## Record excerpts
★ ★ ★ ★ ★ ★ ★
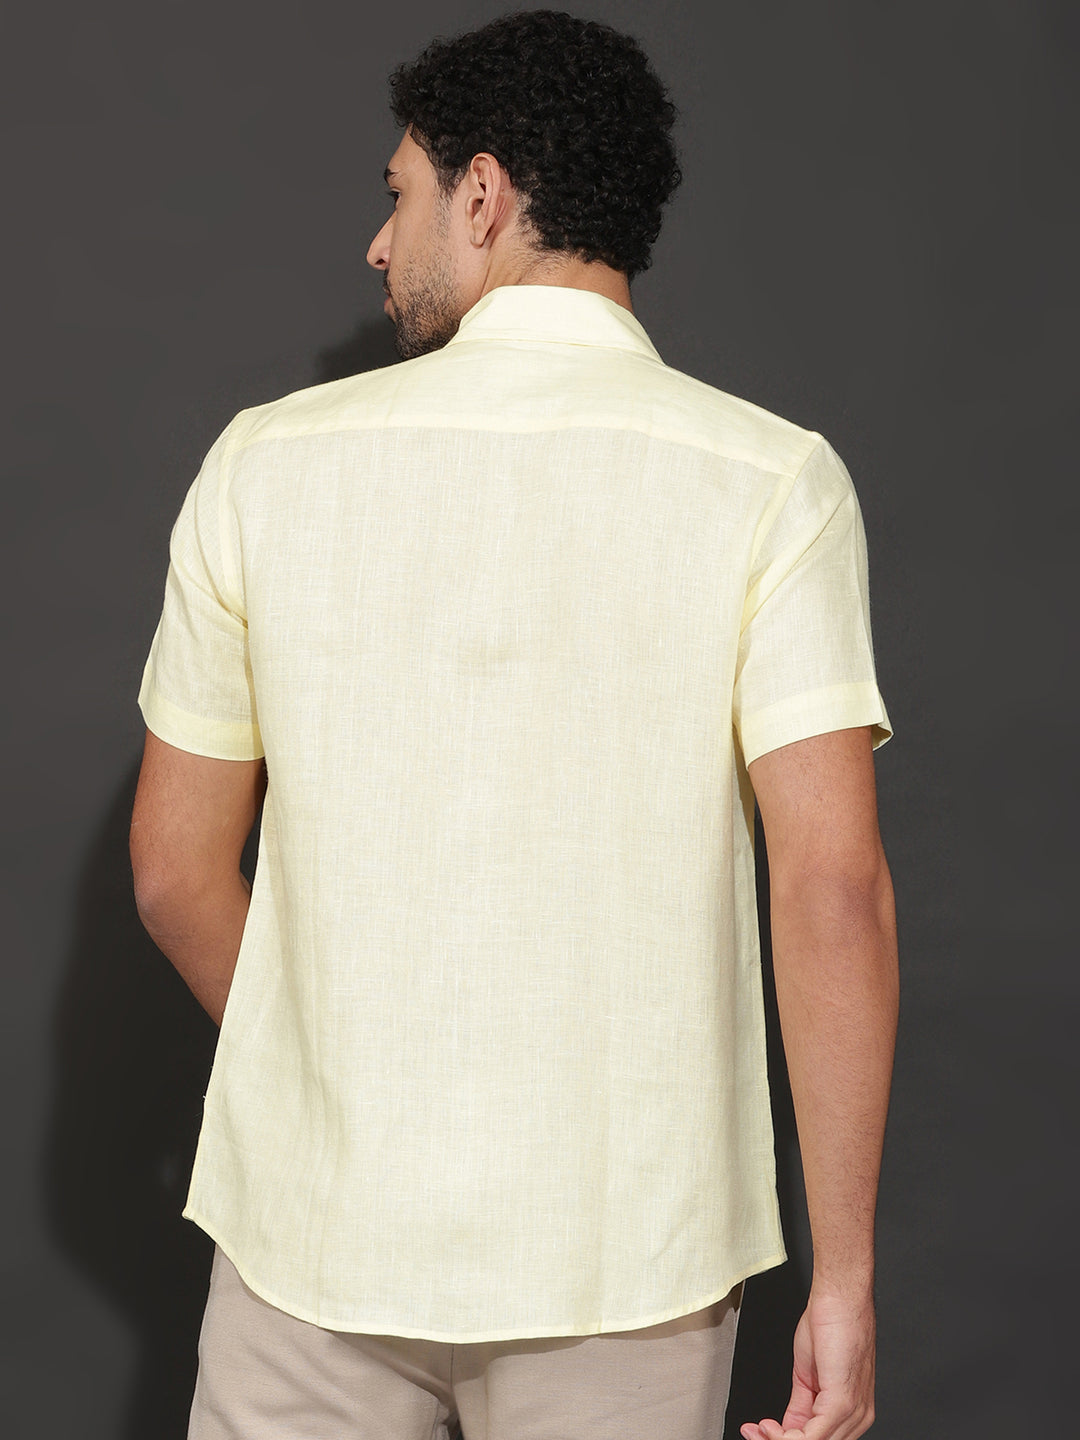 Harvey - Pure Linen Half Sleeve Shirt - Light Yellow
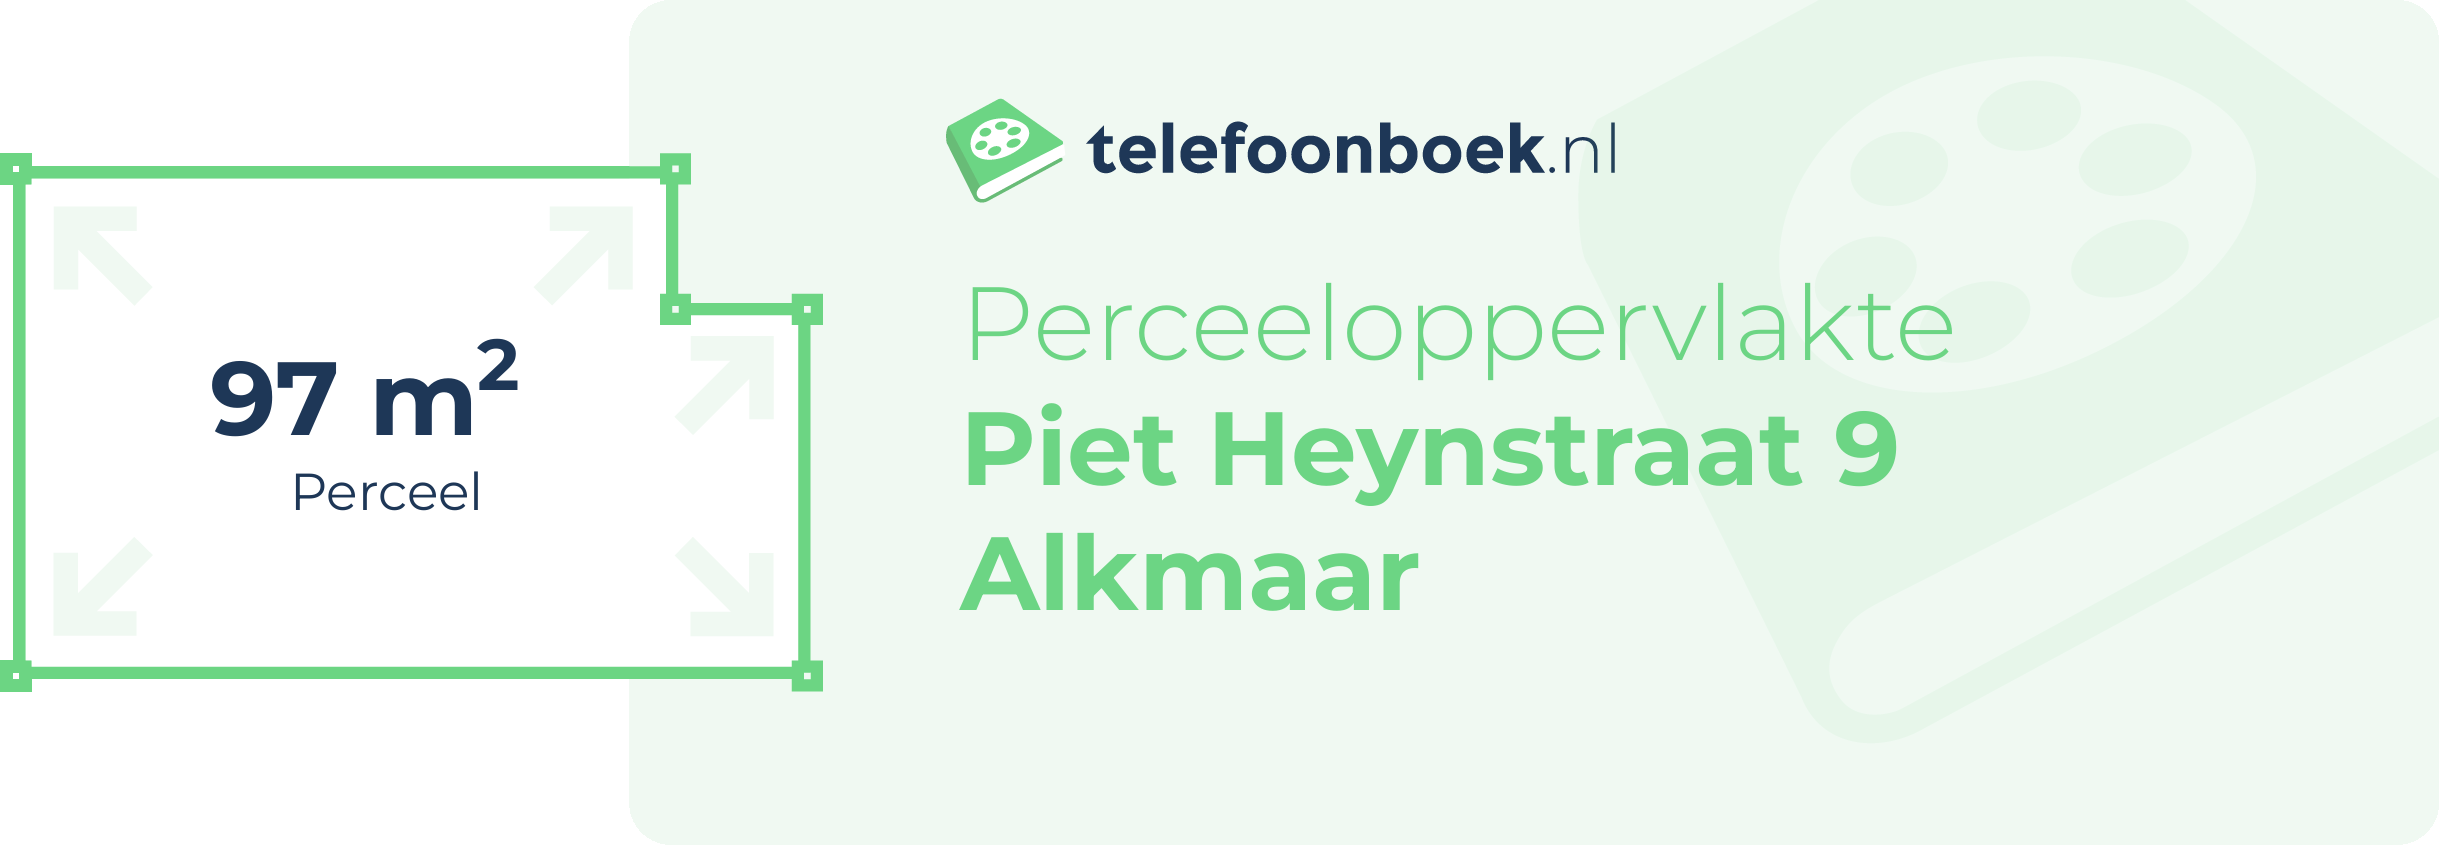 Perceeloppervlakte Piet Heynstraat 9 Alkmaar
★ ★ ★ ★ ★ ★ ★
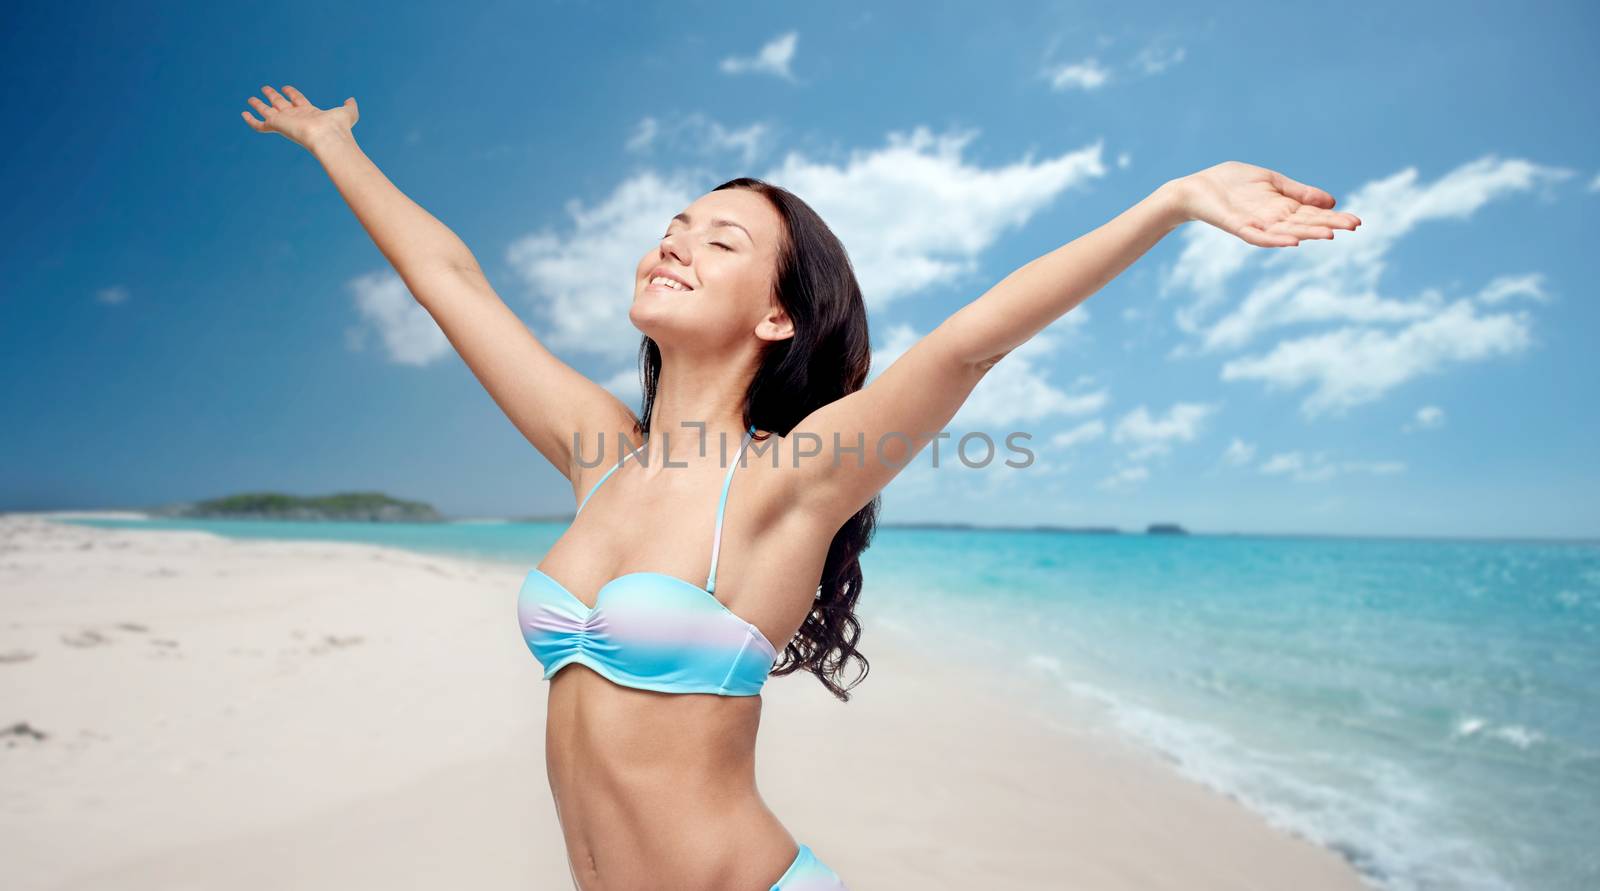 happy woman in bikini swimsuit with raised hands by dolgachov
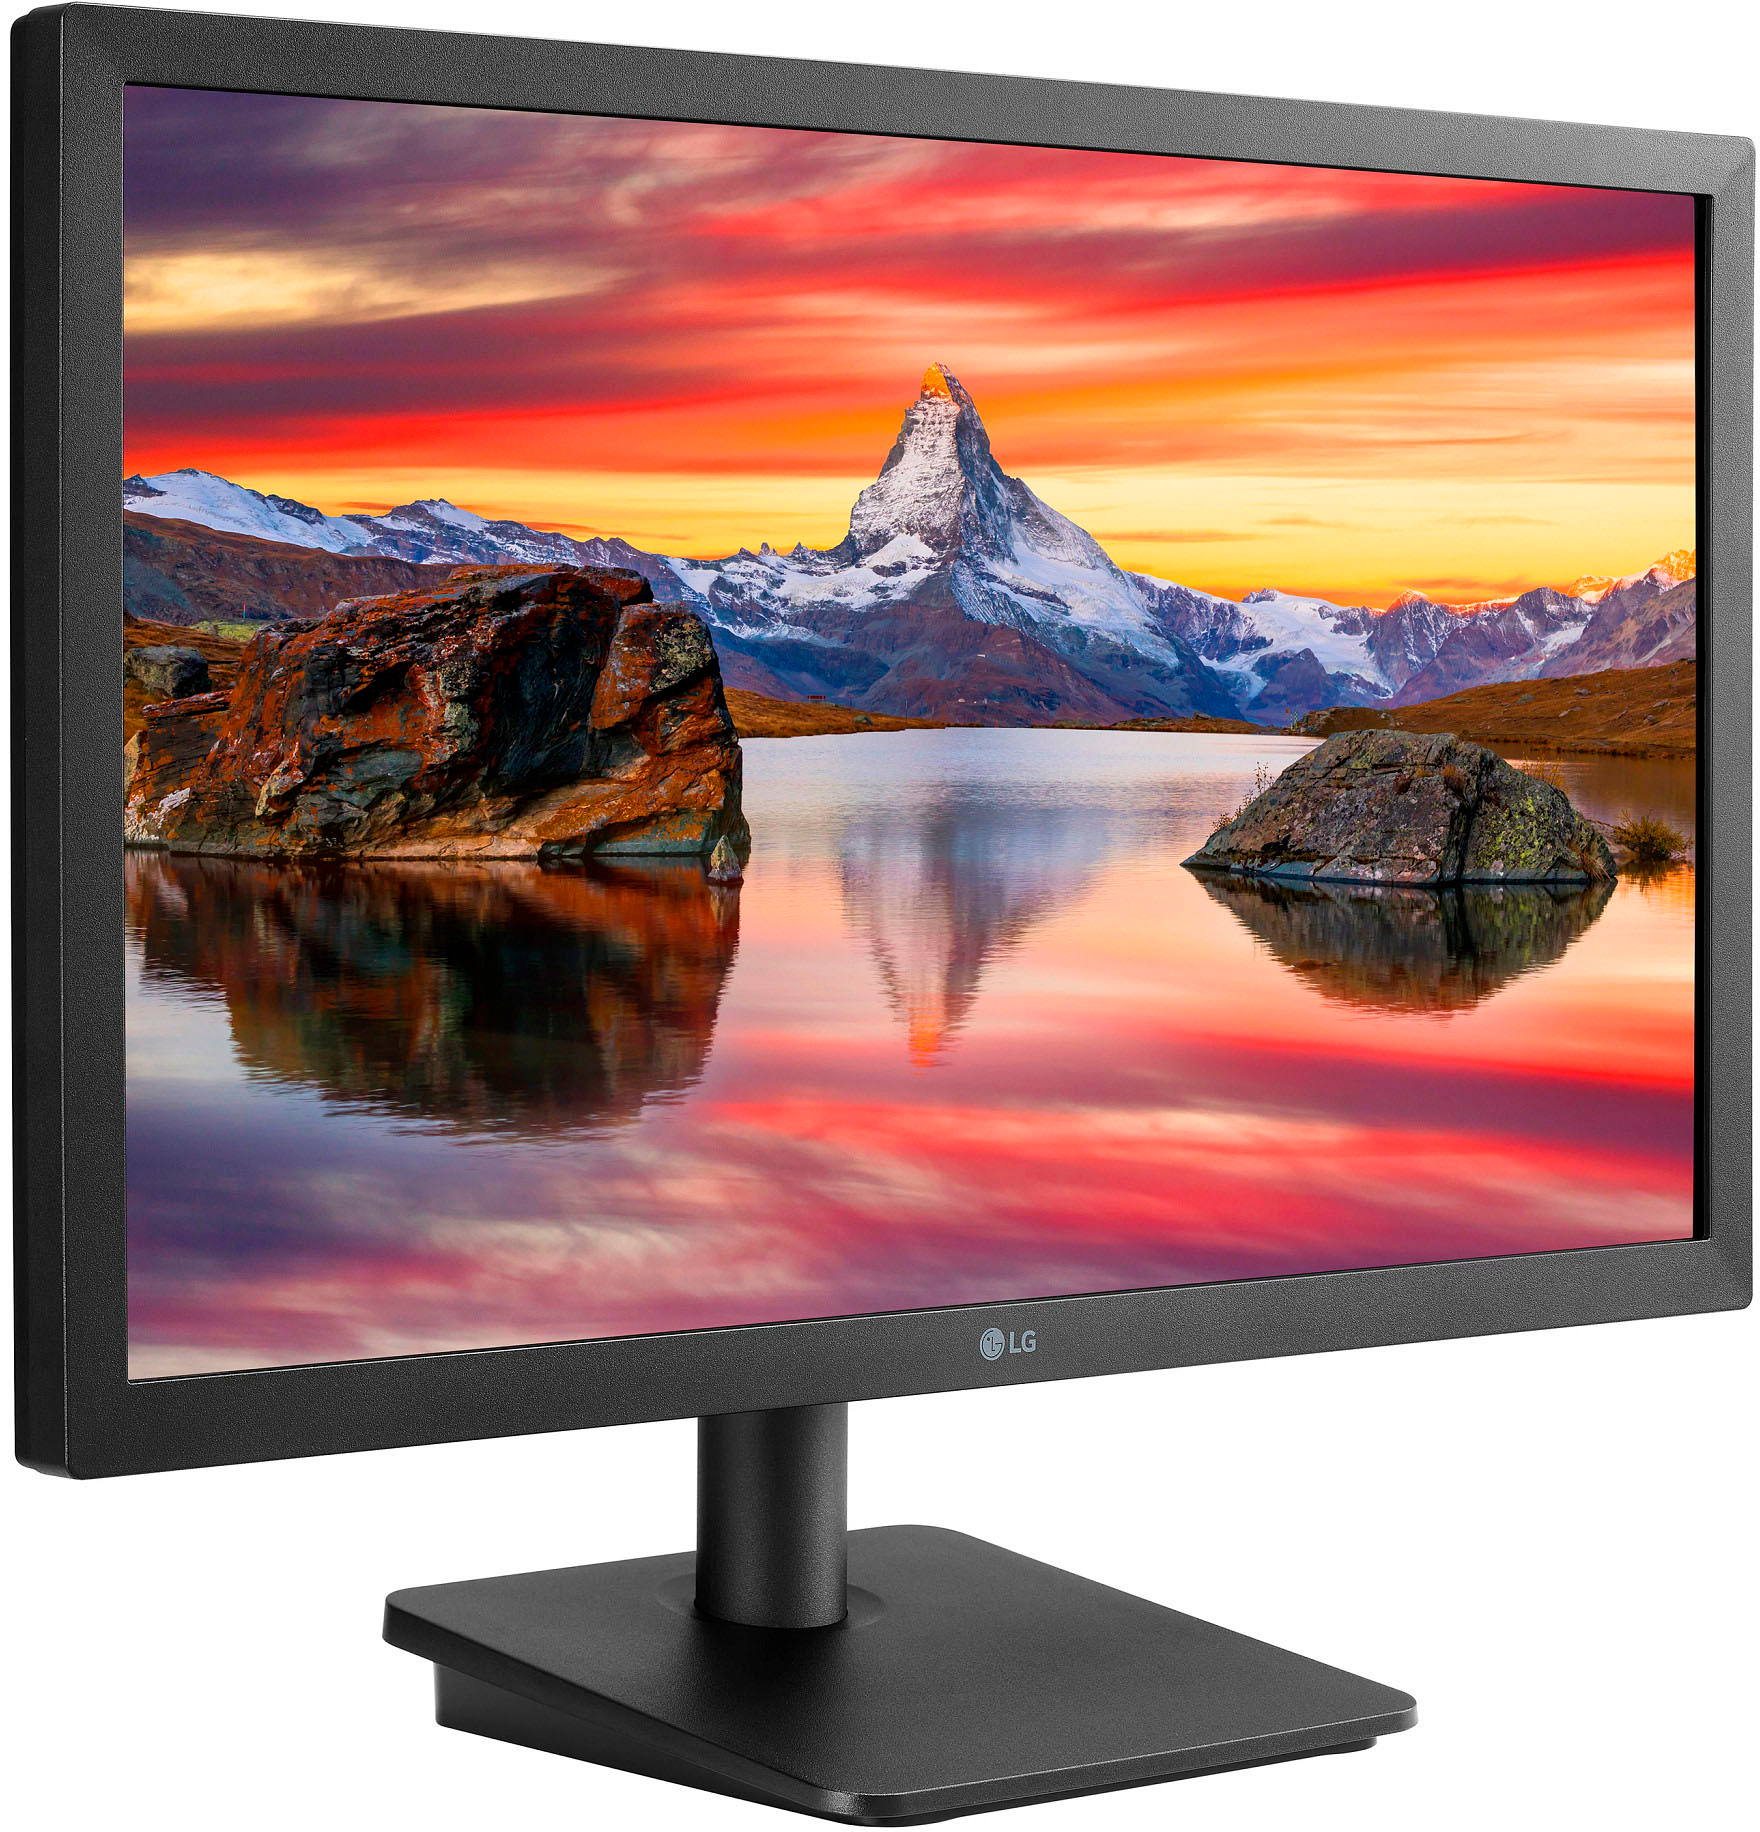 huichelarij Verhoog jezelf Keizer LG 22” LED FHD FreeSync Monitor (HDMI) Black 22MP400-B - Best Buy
★ ★ ★ ★ ★ ★ ★
## Exercise details
Only one stretch of the entries above is needed: the lines from the one containing "Harvey - Pure" through the one containing "Perceeloppervlakte Piet Heynstraat 9 Alkmaar". Copy it exactly, without the pictures.

## Exercise result
 Harvey - Pure Linen Half Sleeve Shirt - Light Yellow
 Perceeloppervlakte Piet Heynstraat 9 Alkmaar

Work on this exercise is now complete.